_TASK REQUIREMENTS_: What you return must match the data below exactly, minus any pictures.

_SUPPLIED DATA_:
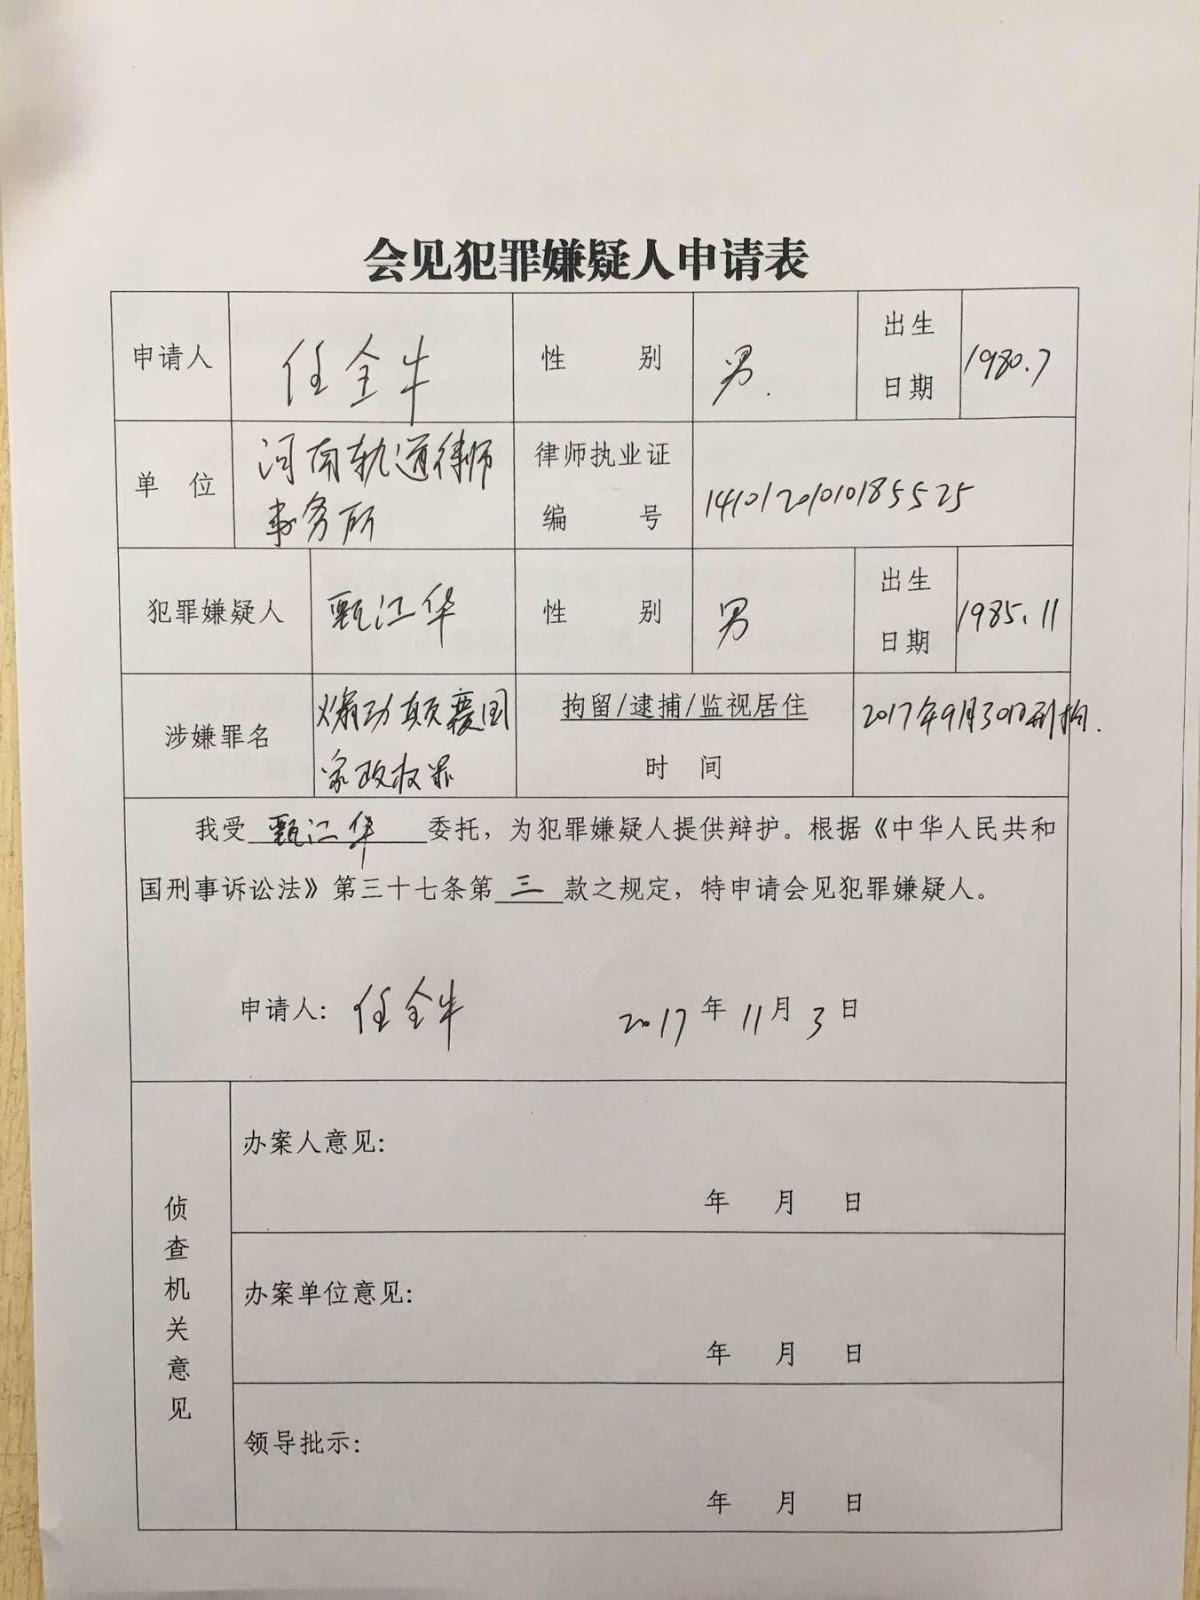 权利运动 | 甄江华律师接口头答复:指定监视居住 不可会见律师
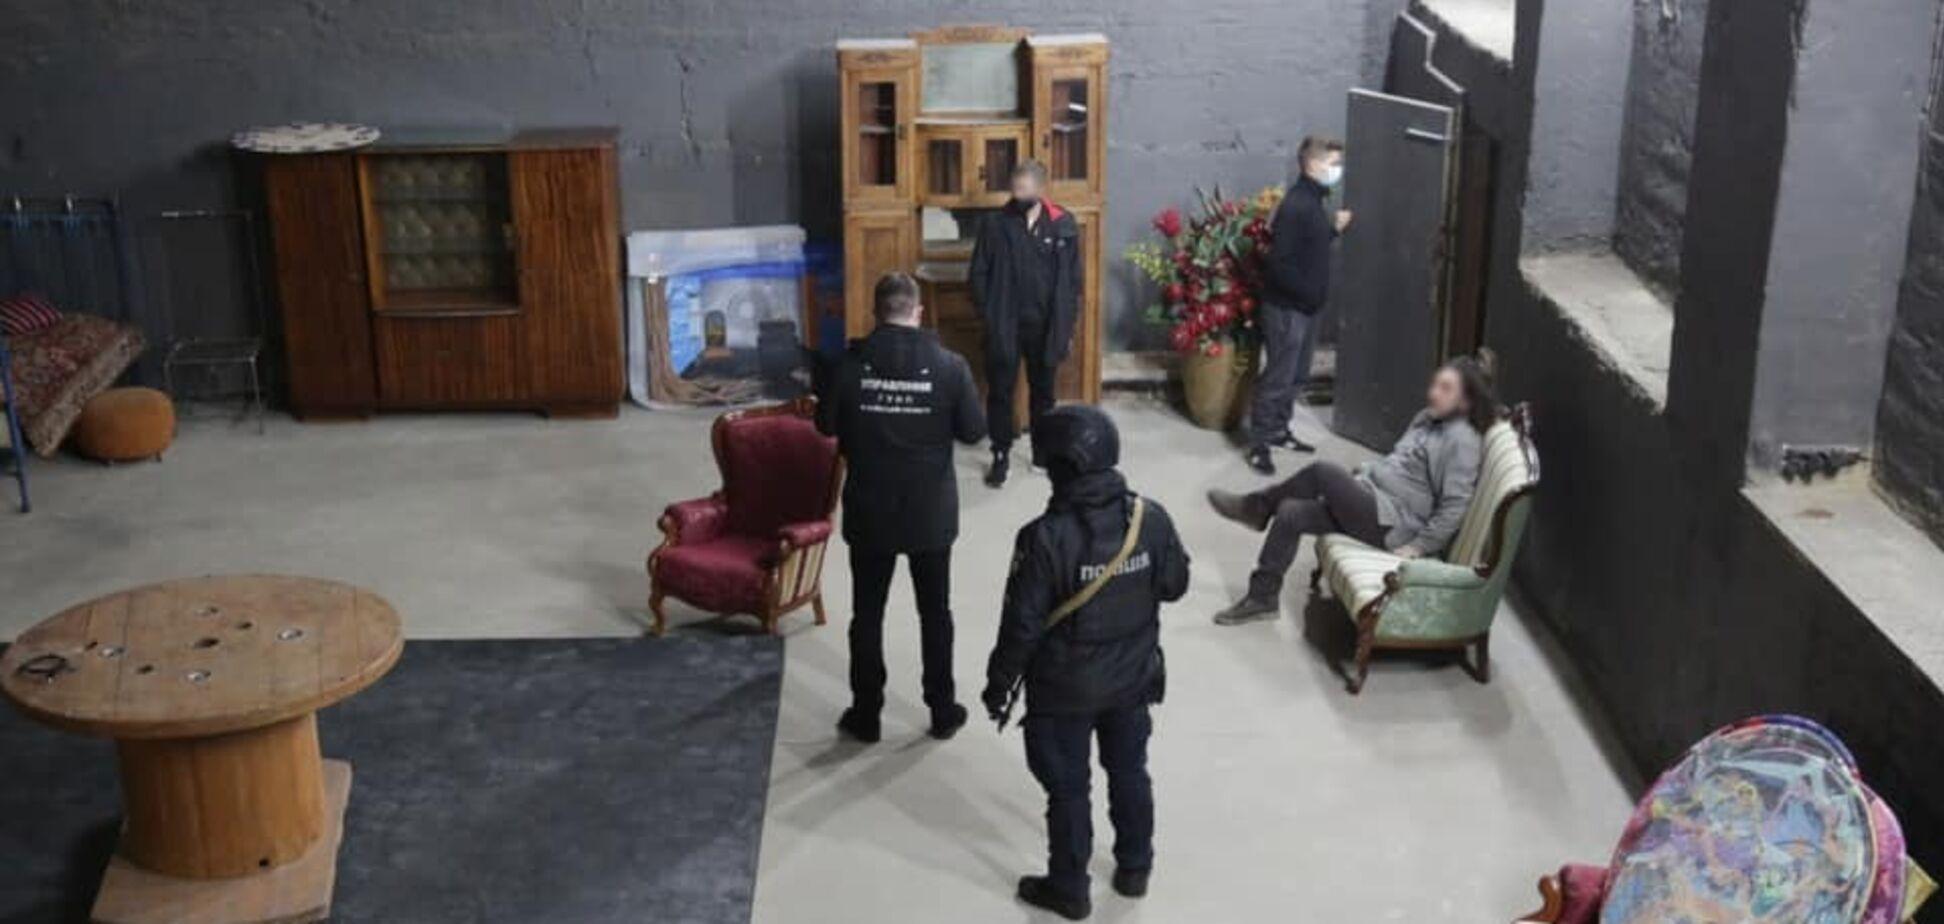 Відомий в Україні фотограф знімав статеві акти в переробленому авто
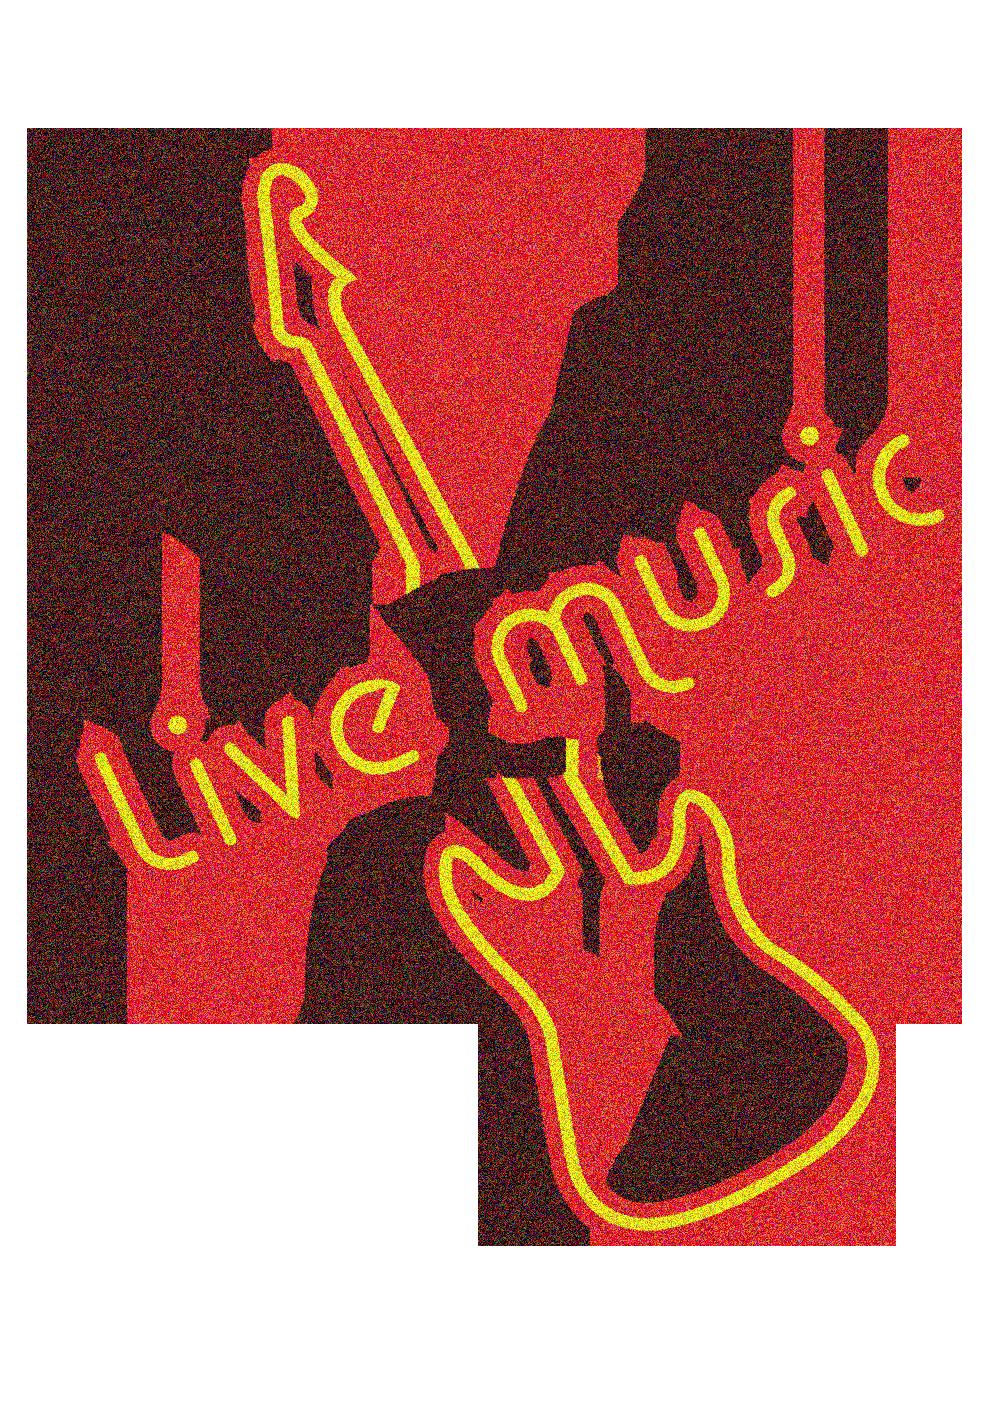 Music clipart live entertainment, Music live entertainment.
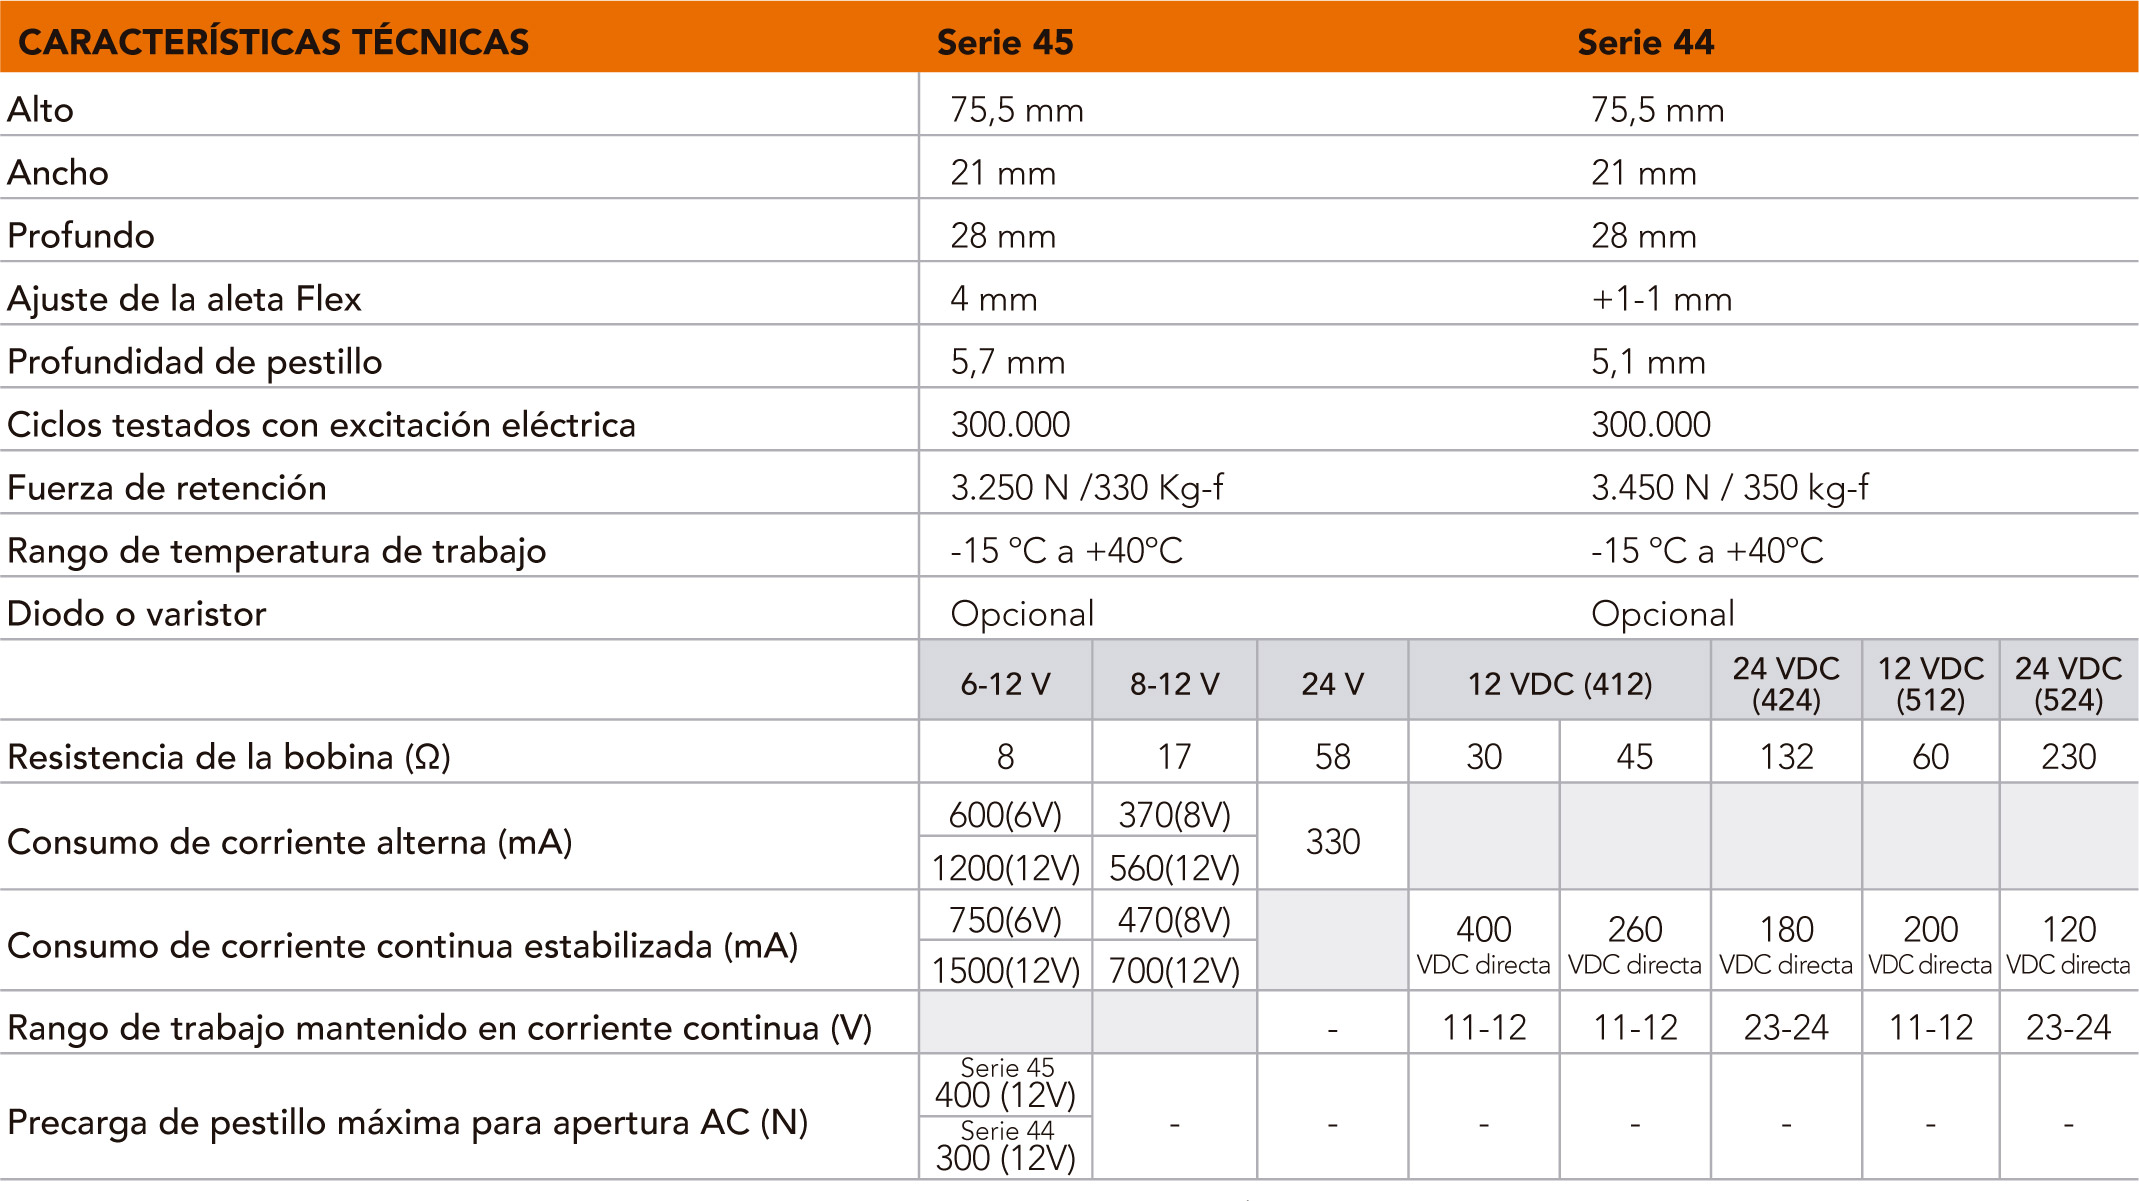 S45-44_caracteristicas

_WRITTEN SOLUTION_:
 权利运动 | 甄江华律师接口头答复:指定监视居住 不可会见律师
 Відомий в Україні фотограф знімав статеві акти в переробленому авто
 Music clipart live entertainment, Music live entertainment.
 S45-44_caracteristicas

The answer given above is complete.